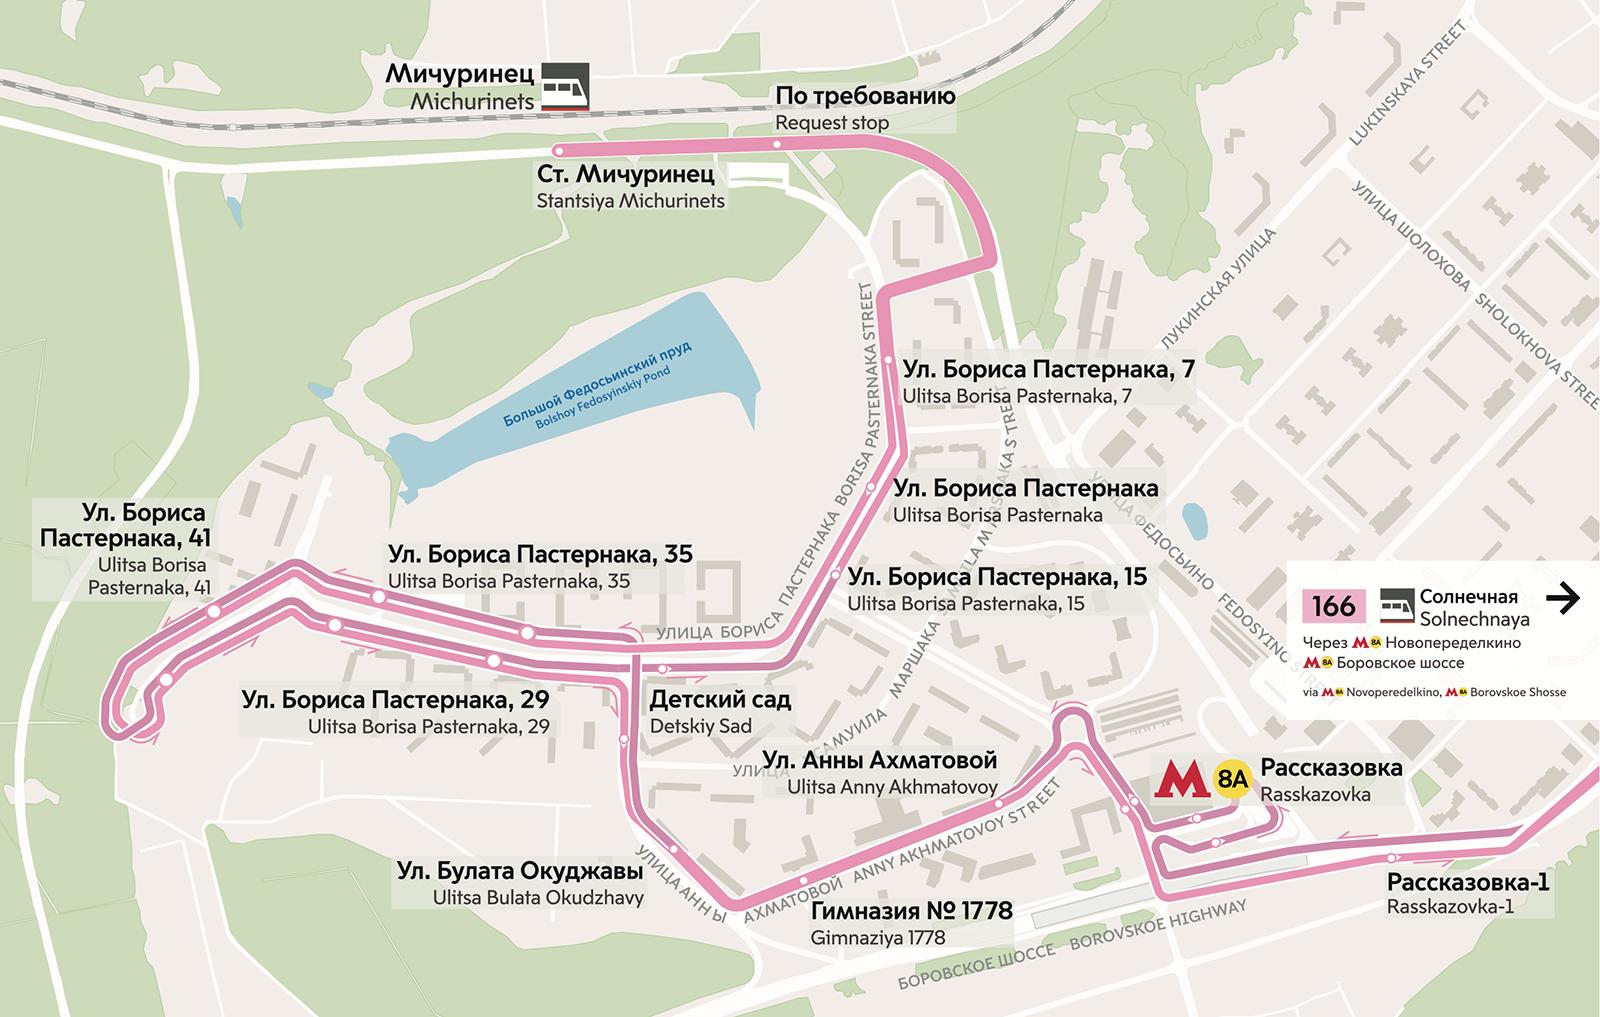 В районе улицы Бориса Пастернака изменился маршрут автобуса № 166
◆ ◆ ◆ ◆ ◆
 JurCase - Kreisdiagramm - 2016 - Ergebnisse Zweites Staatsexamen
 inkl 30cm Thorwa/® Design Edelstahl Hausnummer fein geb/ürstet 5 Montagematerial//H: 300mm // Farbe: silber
◆ ◆ ◆ ◆ ◆
§ **Directions for this task**
Your answer should be the lines above, from the line containing "JurCase - Kreisdiagramm" up to and including the line containing "inkl 30cm Thorwa/®", reproduced exactly and with nothing else.

§ **Exercise response**
 JurCase - Kreisdiagramm - 2016 - Ergebnisse Zweites Staatsexamen
 inkl 30cm Thorwa/® Design Edelstahl Hausnummer fein geb/ürstet 5 Montagematerial//H: 300mm // Farbe: silber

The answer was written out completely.